Sylvia Plath’s world, in contrast, is much more constrained, existing almost entirely within her own body. One of her more famous poems, “Daddy”, is written in the first person as a letter to her father, who has been dead for 20 years. The story that emerges is of a woman who has lived in fear and awe of her father for as long as she can remember. The fear is evident in her metaphor of him as “Marble-heavy, a bag full of God, / Ghastly statue with one gray toe / Big as a Frisco seal” (8-10). Later, she compares her fear of her father to the fear the Jews felt for the Nazis, seeing herself as being shipped off to the concentration camps and describing her father’s appearance in terms of the perfect Aryan. Her beginning and end of the poem, each expressed in terms of anger and fear, leaves no doubt that her fear outweighed any other emotions she had of her father. In “Tulips”, which first appeared in Ariel, the author describes her metaphysical journey experienced during a stay at a hospital. Written in 1961 when Plath was admitted to the hospital for an appendectomy, the speaker of the poem is the hospital patient as she undergoes the surgical process. She is speaking more to herself than anyone, describing her experience as she first accepts the descent into oblivion and then awakens again to life. Although her world is found more within than without, the poet can still be seen to be speaking from her life and the environment she finds herself in.

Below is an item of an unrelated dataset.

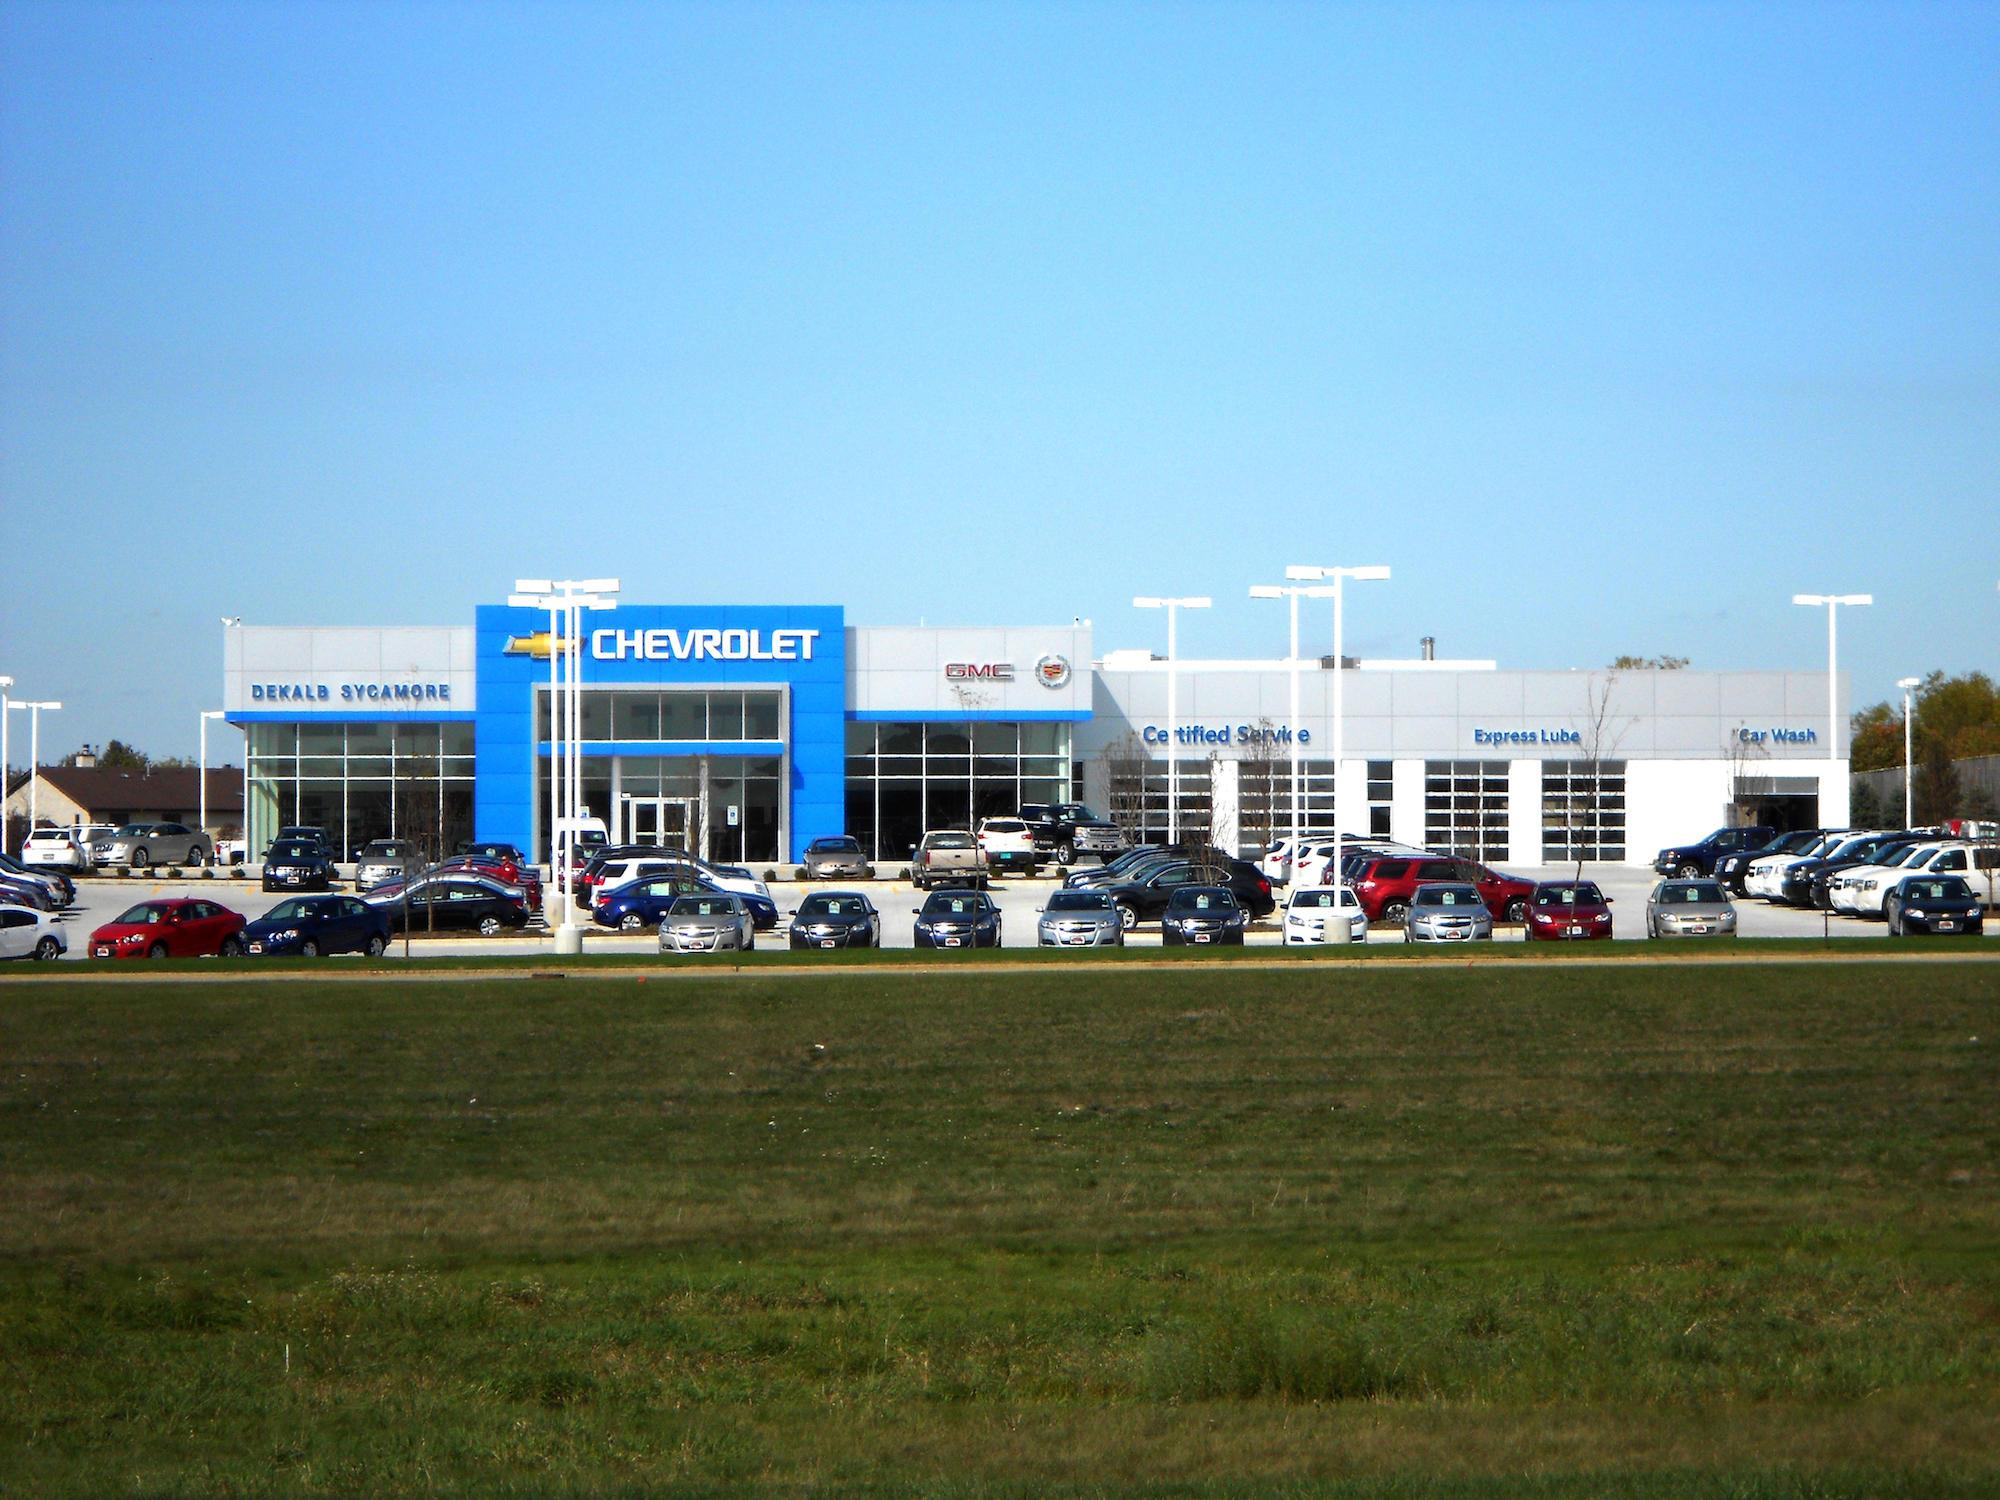 DeKalb Sycamore Chevrolet GMC image 0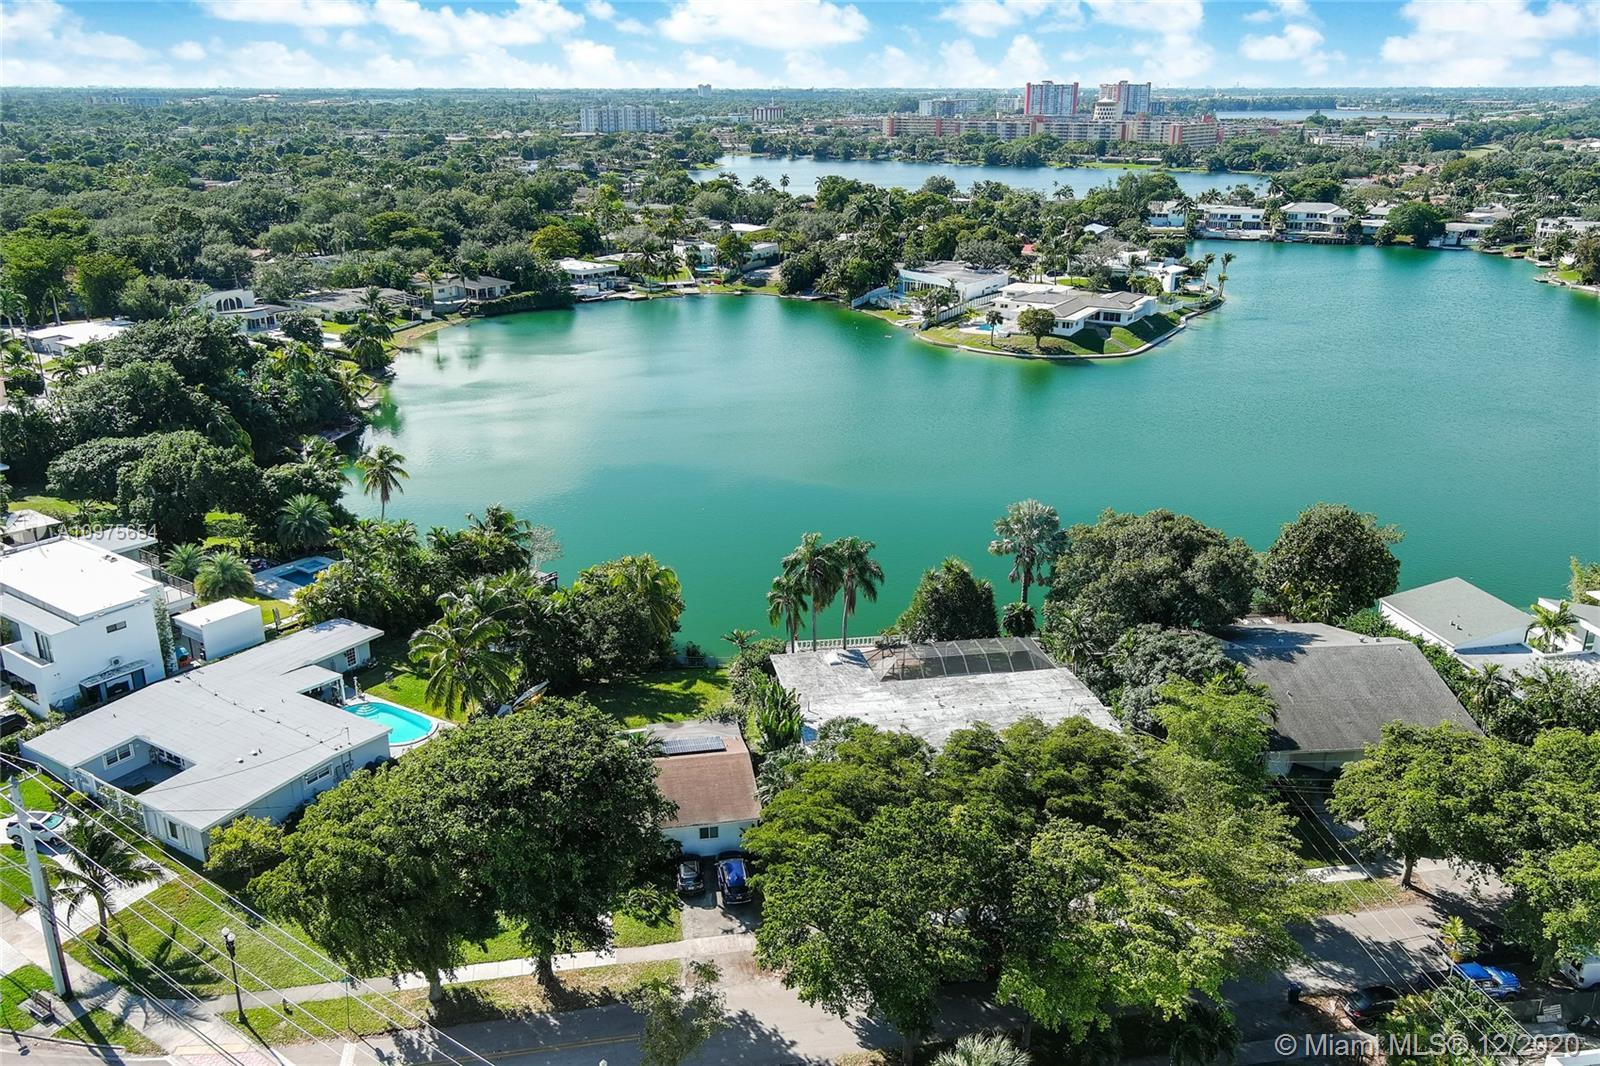 Sky Lake - 19360 NE 22nd Rd, North Miami Beach, FL 33179

All three of the poets examined here can be seen to take the origins of their poems from their lives and the world they find themselves in. Bishop is the most obvious about this, writing about typographical errors she sees in the newspaper, big catches out on the lake, old filling stations she happens to stop at, or a poor dog with scabies that gets stared at. However, Hughes also takes the origin of his poems from his life and environment as he illustrates the importance of heritage and culture to himself and the people he knows, the connections they draw between them, and the way that this affected him. Plath takes it to an even more personal level as she focuses almost exclusively on her own life, making only occasional links to the outside world as a means of providing context to her ideas. In making this discovery, it is possible to say that, if Whitman had it in mind that the origin of all poems comes from the life and environment of the poet, he was correct in making this tremendous claim.

Works Cited

  1. Bishop, Elizabeth. Elizabeth Bishop: The Complete Poems 1927-1979. New York: Farrar, Straus, Giroux, 1983.
  2. Hughes, Langston. The Collected Poems of Langston Hughes. Vintage Classics, 1995.
  3. Plath, Sylvia. The Norton Anthology of Contemporary Poetry. 3rd Ed. Jahan Ramazani, Richard Ellmann & Robert O’Clair (eds.). New York: W.W. Norton and Company, 2003.
  4. Rzepka, Charles. “”: Two Hundred Years of Lyrical Ballads.” 2001. Boston University. Web.